I would email them just to have a record of it and not just a one sided bad rating on your account. I doesn't hurt and may not even help, but at lease you tried. Don't be too disappointed with a per canned response from them, it normal. But every office is ran independently so you never know what help you might get. What I got is that they can't change a rating once it's summit. Next time you should end the ride ask them to get out, be careful with drunks it can get out of hand with them, but have your phone open and let them know your calling the police if they don't get out if your car, that works pretty good. (Something about police and drunks helps sober up someone really fast) and email Uber right after it happens, and before the customer does, it may help your case.

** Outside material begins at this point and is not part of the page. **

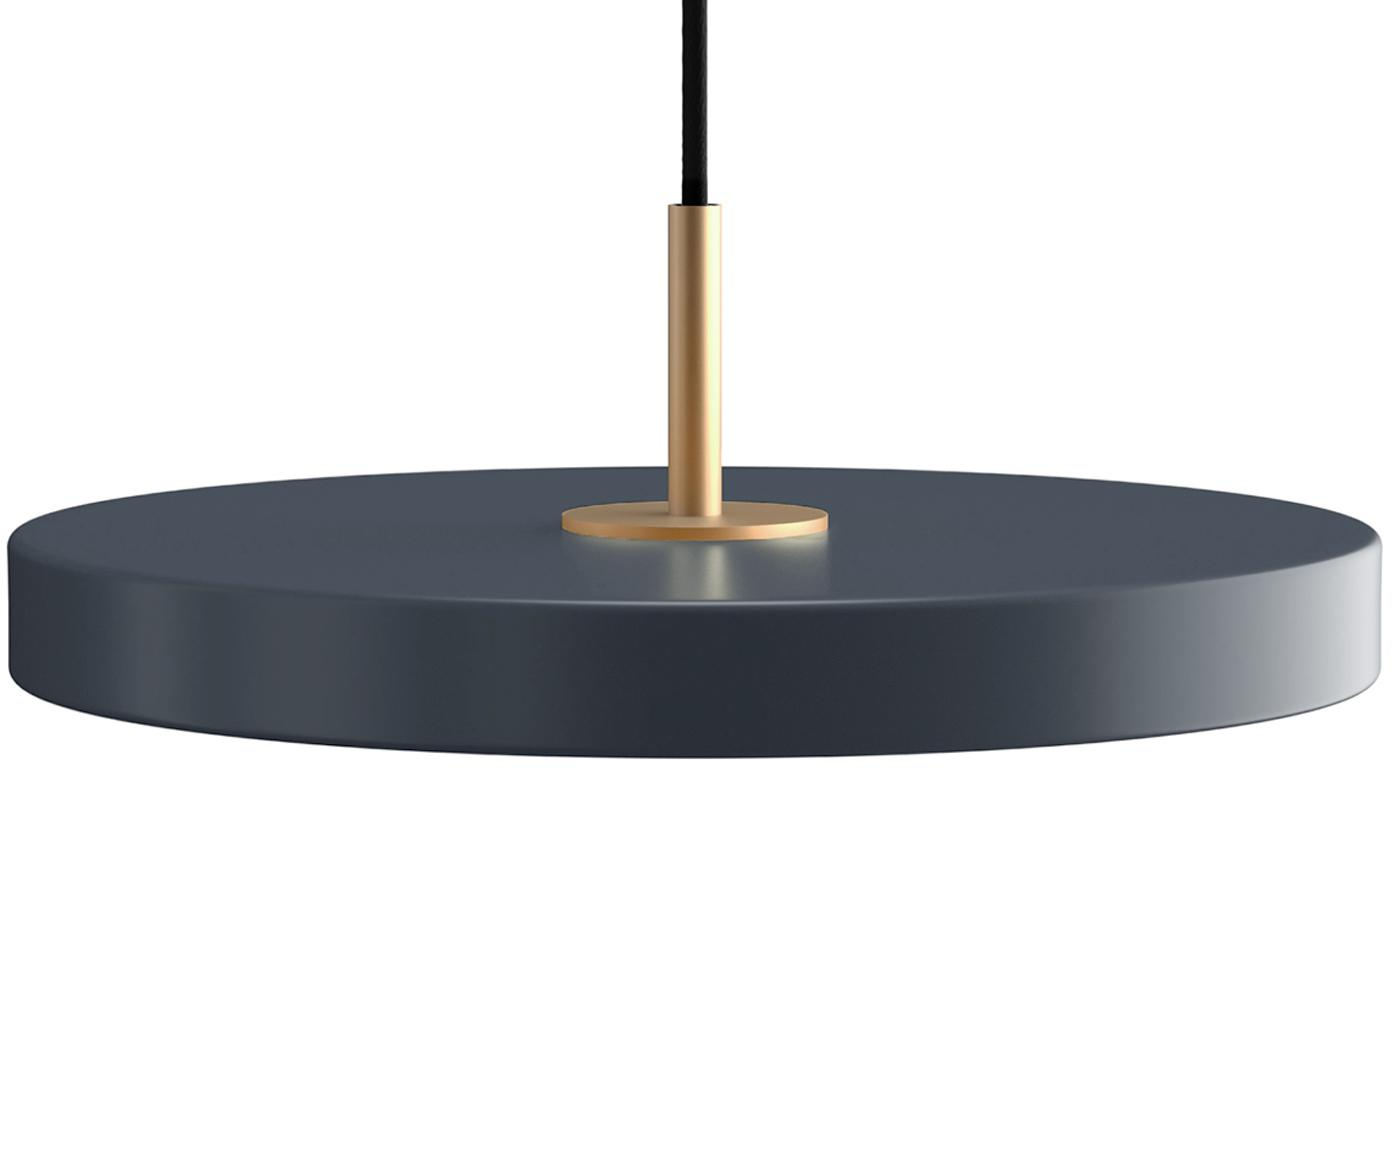 Design LED hanglamp Asteria, Lampenkap: gelakt aluminium, Antraciet, Ø 31 x H 14 cm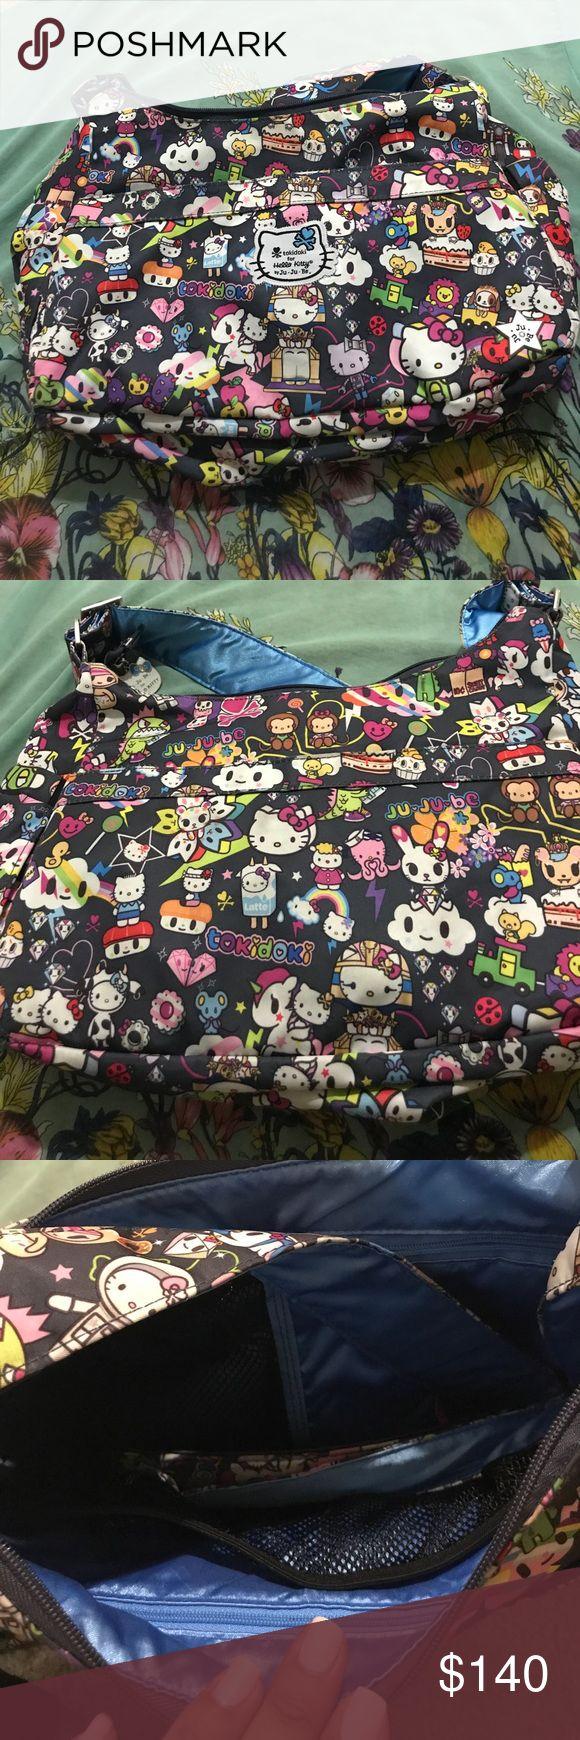 Tokidoki Hobobe Hello Kitty theme Bag Tokidoki Hobobe Hello Kitty theme Bag, gently used, changing pad included, machine washable tokidoki Bags Baby Bags

If you are a good driver your rating will come back up, slowly but surely. Just take this one as a learning experience. When you email them make sure you have the right Trip Number: (the long number and letters code that over the map when you click on the ride, just in case you didn't know). Maybe they will see that it matches when the time comes. (like I said, MAYBE). Take it for what it is, basically no big deal with Uber and they know there is always bad rating with drunks witching hours, it's the nature of this business. I have around over 900 rides so far with only two rides I kicked out of my car, one rated me a 1*, the other didn't rate at all. We all know it hurts when you get one but it happens to all of us at one point. Best of lucky to you. No one said it was going to be easy.


----------



## grUBBER (Sep 11, 2014)

How do you see your rating on the new dashbord?


----------



## LookyLou (Apr 28, 2014)

I would definitely contact them. You may or may not get the rating removed, but you will be letting them know that this pax is abusive. If they get a few complaints on this pax maybe they will remove them from the system.

With Lyft it would be about a 90% chance of getting the rating removed. With Uber it really depends on what market you are in and who gets the information. If you have a local office, I would try sending the information to them as well as the regular support.


----------



## ShooUber (Sep 13, 2014)

grUBBER said:


> How do you see your rating on the new dashbord?


My incident happened when we still had the old dashboard. It didn't take two minutes to see my rating drop, I was a 4.91 then a minute later it was at 4.88, but that was when I had less total rides. Now I just watch my over all and it doesn't change much or if at all. Uber only looks at your last 500 (rated) rides. For new drivers getting bad rating in the beginning there's not a good rating system in place for that, you just have to do your best, that's all you can. There are many post on this forum about drunks and rating. I for one don't do drunks, we'll maybe day drunks are pretty cool and funny most of the time. Btw my 1* rated ride came from an A-hole not a drunker.


----------



## cyb3rpunk (Oct 6, 2014)

waste of time life is not fair


----------



## unter ling (Sep 29, 2014)

Sometimes they offer reprogramming sorry retraining if your rating gets too low


----------



## thehappytypist (Oct 9, 2014)

I've never seen an instance where a bad rating was revoked. As others have said, let support know that the passengers were misbehaving. Often management will send the rider a note telling them to stop being such an asshole or they'll be removed. One of the csr's got a lovely note from a rider stating that until Uber stops making him rate drivers, he would rate 1 star for every ride. One of the managers sent him a note basically saying suck it up and stop being a dick or we'll ban you.


----------



## Former Yellow Driver (Sep 5, 2014)

thehappytypist said:


> I've never seen an instance where a bad rating was revoked.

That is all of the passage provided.